» **Dataset section**:
--*--

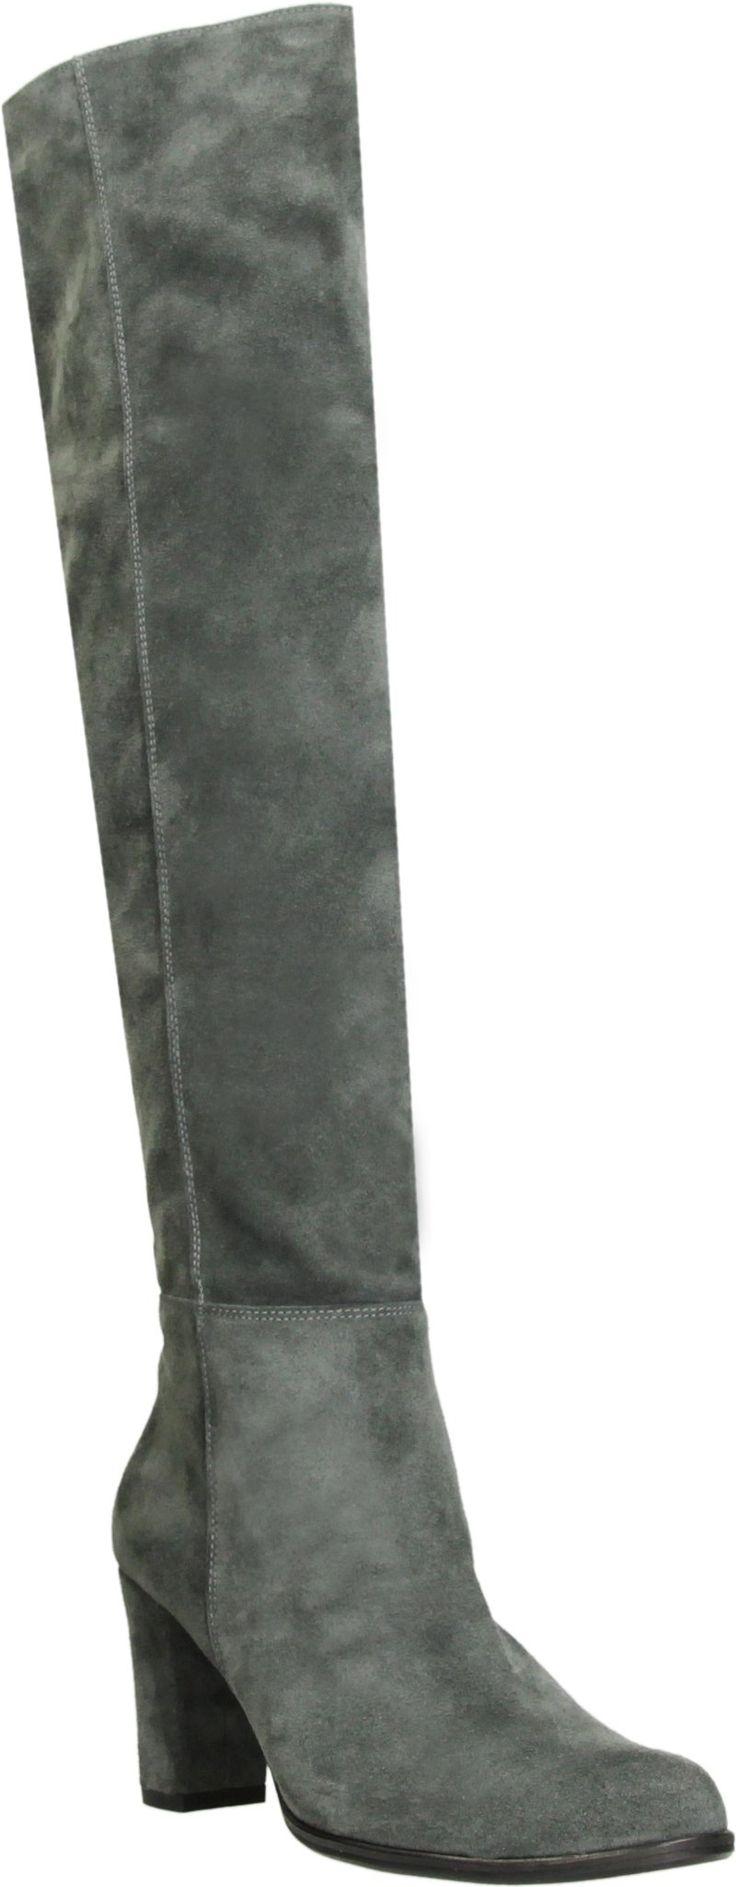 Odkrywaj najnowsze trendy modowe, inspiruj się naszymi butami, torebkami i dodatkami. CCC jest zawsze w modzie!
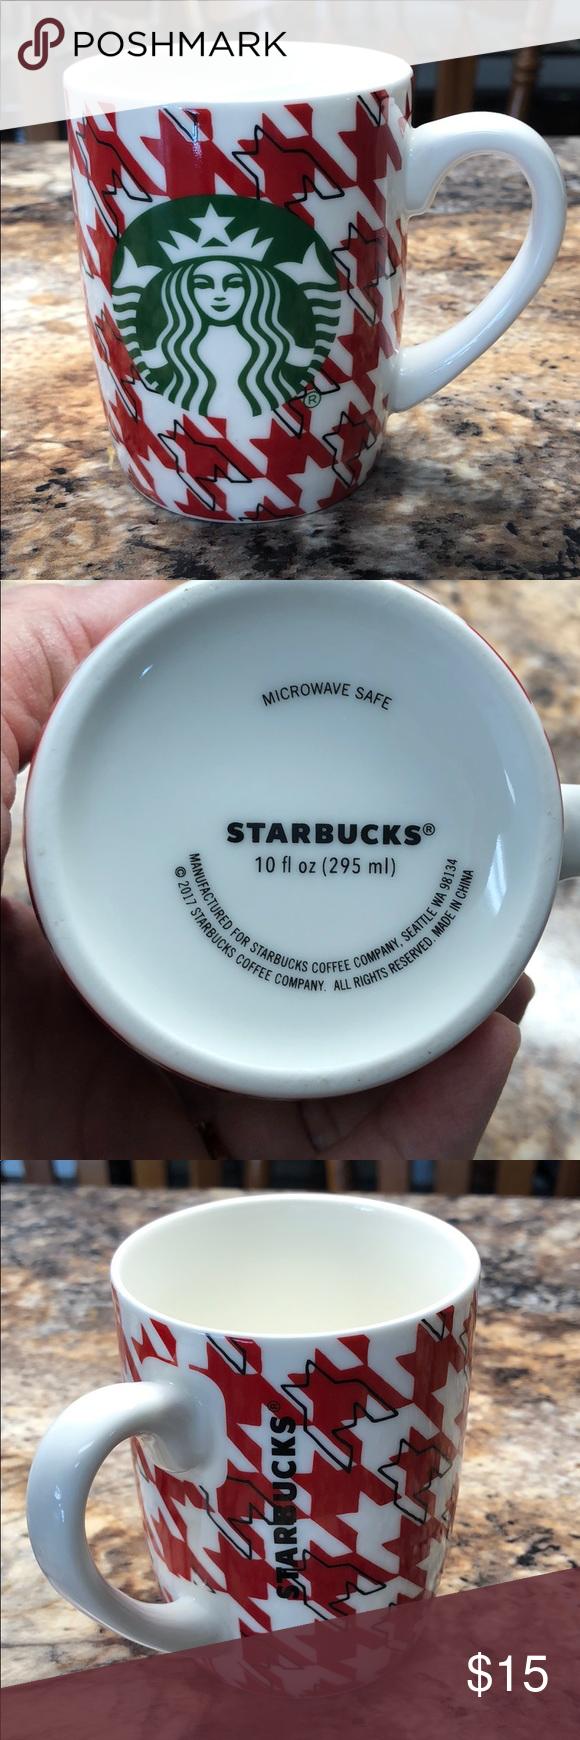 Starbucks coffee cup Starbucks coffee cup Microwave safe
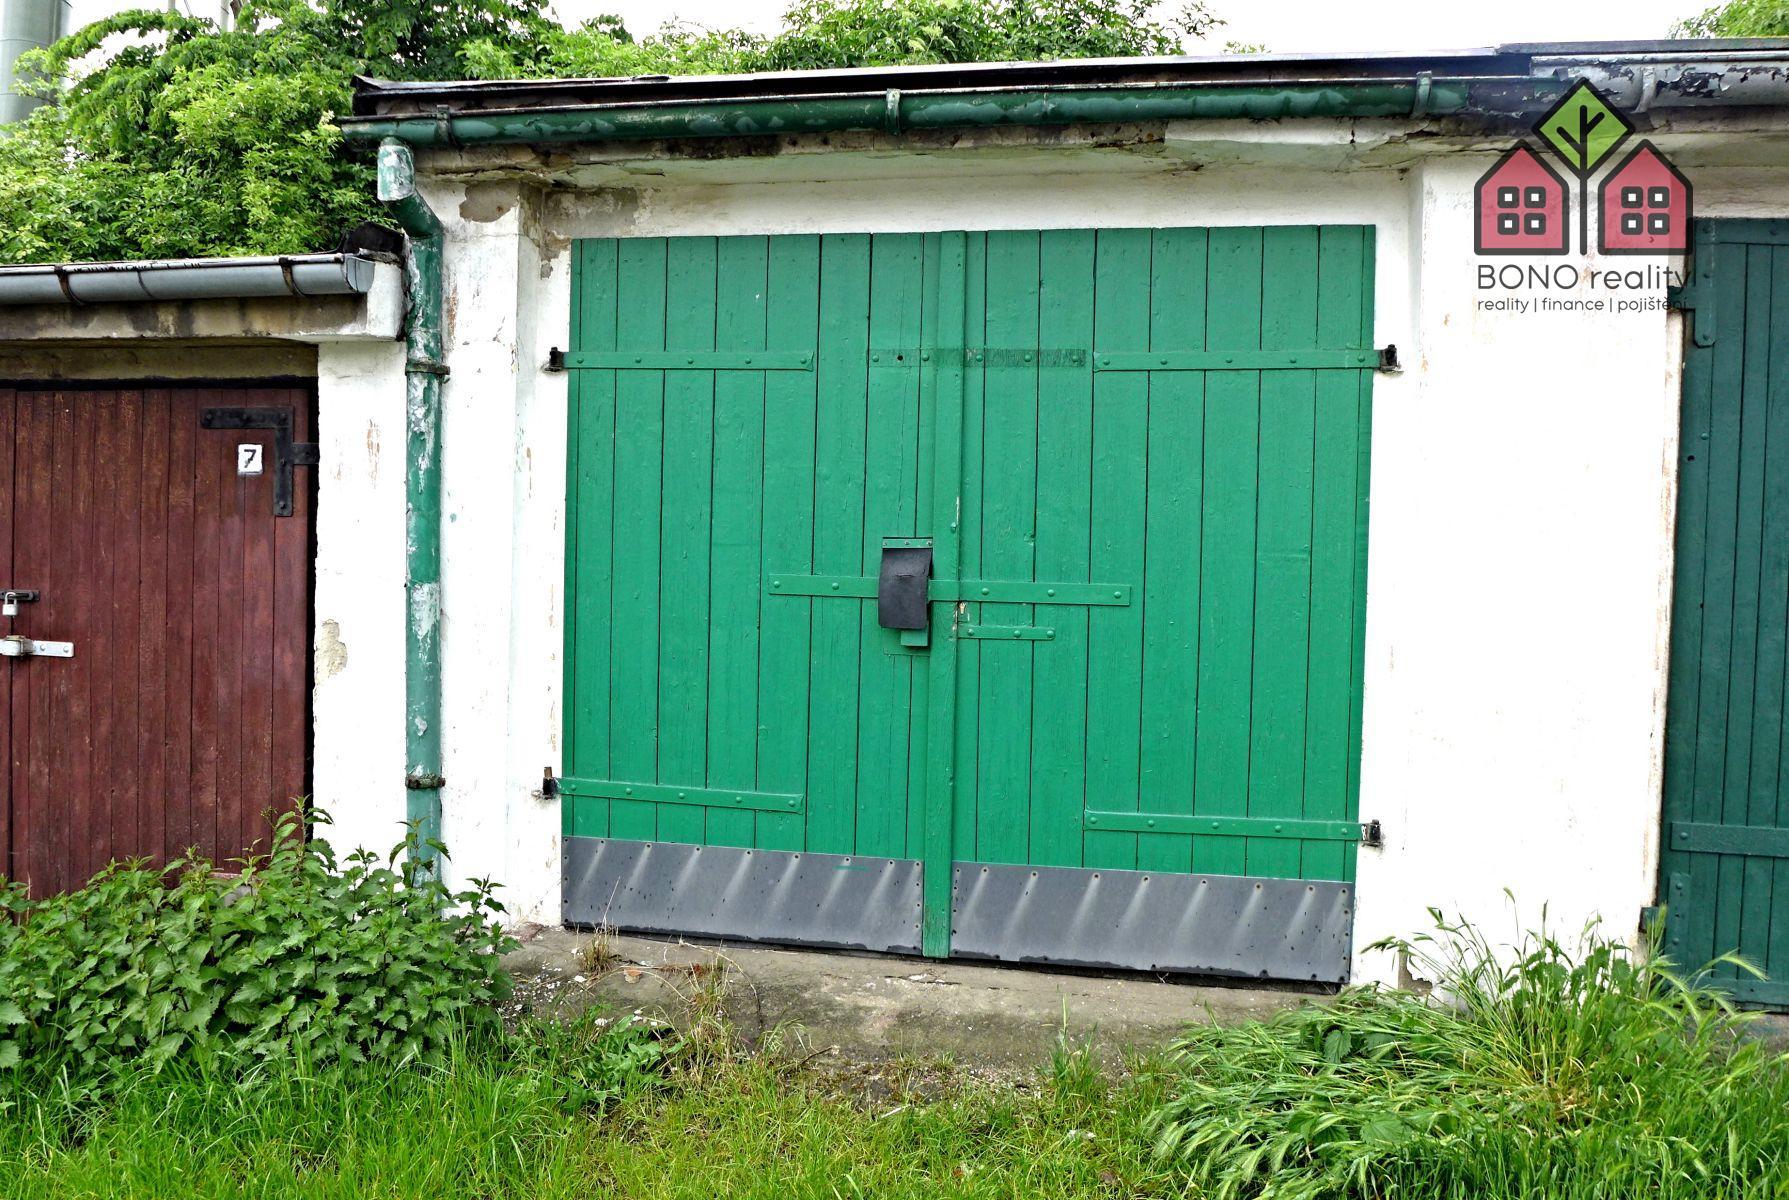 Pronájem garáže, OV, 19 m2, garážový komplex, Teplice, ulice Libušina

--*--

» **Your task**:
Once the pictures are set aside, output all of the data above verbatim.

» **Solution to this problem**:
 Odkrywaj najnowsze trendy modowe, inspiruj się naszymi butami, torebkami i dodatkami. CCC jest zawsze w modzie!
 Starbucks coffee cup Starbucks coffee cup Microwave safe
 Pronájem garáže, OV, 19 m2, garážový komplex, Teplice, ulice Libušina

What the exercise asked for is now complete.